What follows is some eavesdropping on the conversation between them when we brought Tom out to chat to Pat at his home in Clontarf.

T: “By the way, I brought you a copy of your first book – there you are!”

P: “Jaysus, I was married at the time.”

T: “That’s right because you mentioned the wife in the introduction and here you are.”

Tom hands Pat a copy of his 1977 collection You’ve Just Finished Reading This Title.

P: “I wasn’t sufficient for the then wife because the future I was planning…There was no plan. Two years later, I wasn’t married anymore. At the time, my brother-in-law was a printer so I got a good deal. I sold 4000 copies.”

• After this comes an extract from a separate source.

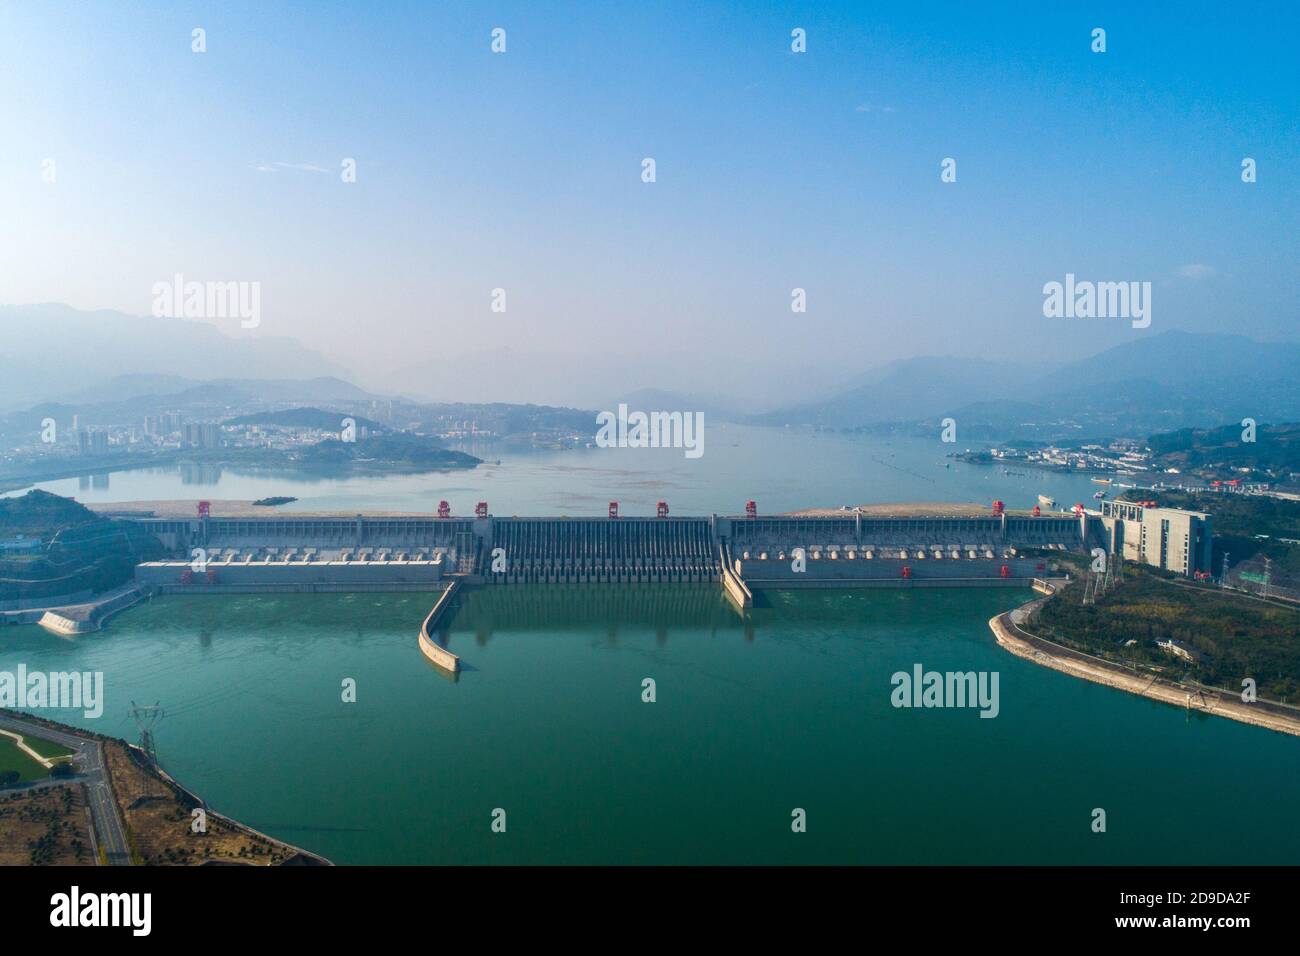 An aerial view of the Three Gorges Dam storing water to make the water levl reach the 175 meters, Yichang city, central China’s Hubei province, 26 Oct Stock Photo

T: “Tell me who did the drawing?”

P: “Phil Woods, Phil was creative director in Arks advertising and then Kenny’s and I had just been fucked out of John of God’s for the third time after shock treatment so I didn’t know where I was and Phil brought me in and said to come in and sit at a desk and do whatever I wanted to do… Ah Jaysus Christ! I just had a message from Vivienne who orchestrates the page for me (patingoldsby.org) I haven’t got the internet and there’s a message on it from my ex-wife. What would she want at this stage?” Pat chuckles.

“We didn’t get a divorce at the time, we got a legal separation and then she wanted me to go before a Catholic Church tribunal. This was very emotionally harrowing to prove to them that because of my psychiatric disorder I wasn’t capable of creating a marriage in the first place, so they annulled it. So, in the eyes of the Catholic Church I was never capable of being a married man. Maybe they were right,” he laughs.

 

Tom exchanges his own books of poetry, No Return Game and The Owl and the Pussy Cat (both available at dedaluspress.com) with Pat who asks if he’ll sign them.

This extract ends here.